Thank youall for your advice, i have noticed about half my flock has these black wart looking things on them, and a couple are lathargic ( sp?) I have started them all on Duramycin, which vet said will cure any bacterial infections.I am worried about my Peacock though. He has no signs of anything, ( keeping fingers crossed)
if this is spread by mosquitoes how do you stop it from reoccuring? What will cleaning with the bleach do?
Update: From what I was able to gather, avian pox is a contagious viral infection and not affected by antibiotics. It lasts about two weeks and does not occur suddenly, it's a slow acting thing. Cleaning the feeders, waterers, and contact surfaces with a dilution of bleach & water will effectively decontaminate the area. My hens have all gone thru cutaneous fowl pox and are doing very well. YAY! Thank you BYC!

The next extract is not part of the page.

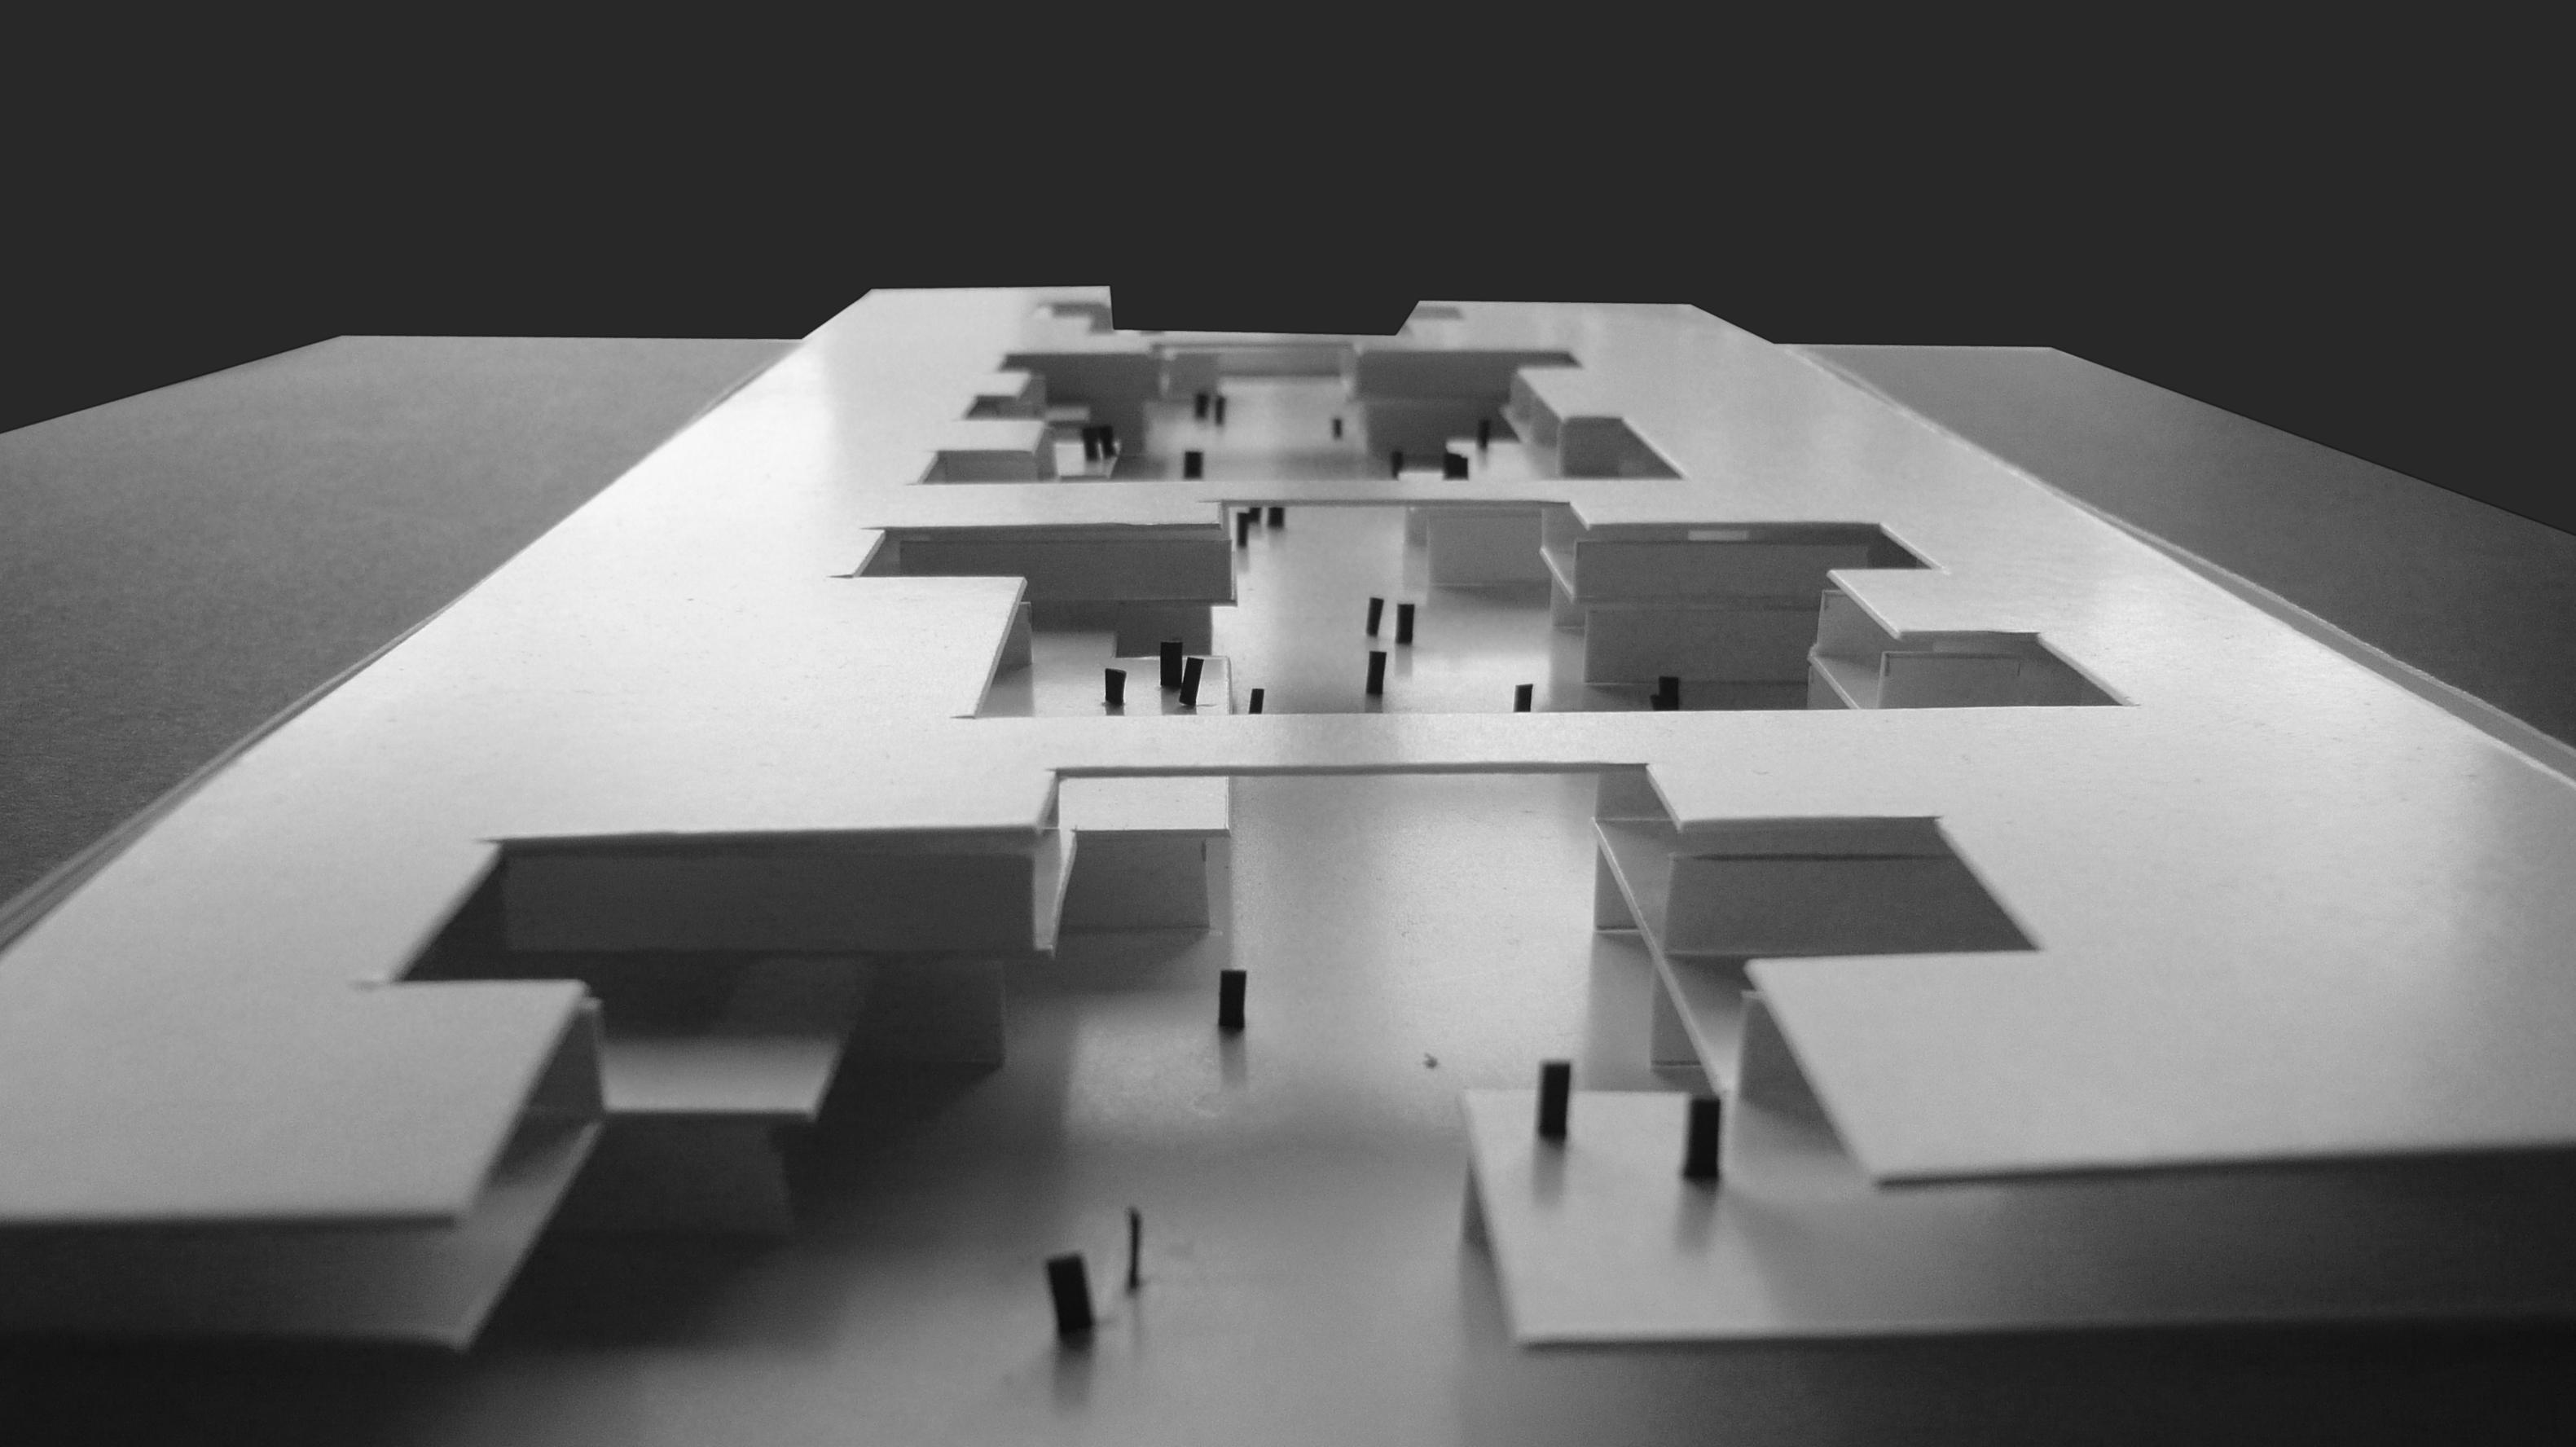 Proyectos in s lucas for Universidades para arquitectura

My chickens have had these exact same lesions twice now??? I thought they are immune after the first time? Also, I didn't see an answer as to whether if it can affect us, and if we can still eat the meat and eggs while they have this? Thanks ahead of time for any answers. Don't know what I'd do without this site!
My first (stray) bantam also got fowl pox more than once; fortunately not severe infections. Re: vaccines; is this a yearly vaccine, or a one-time per bird? Is a second round required a few weeks after the first?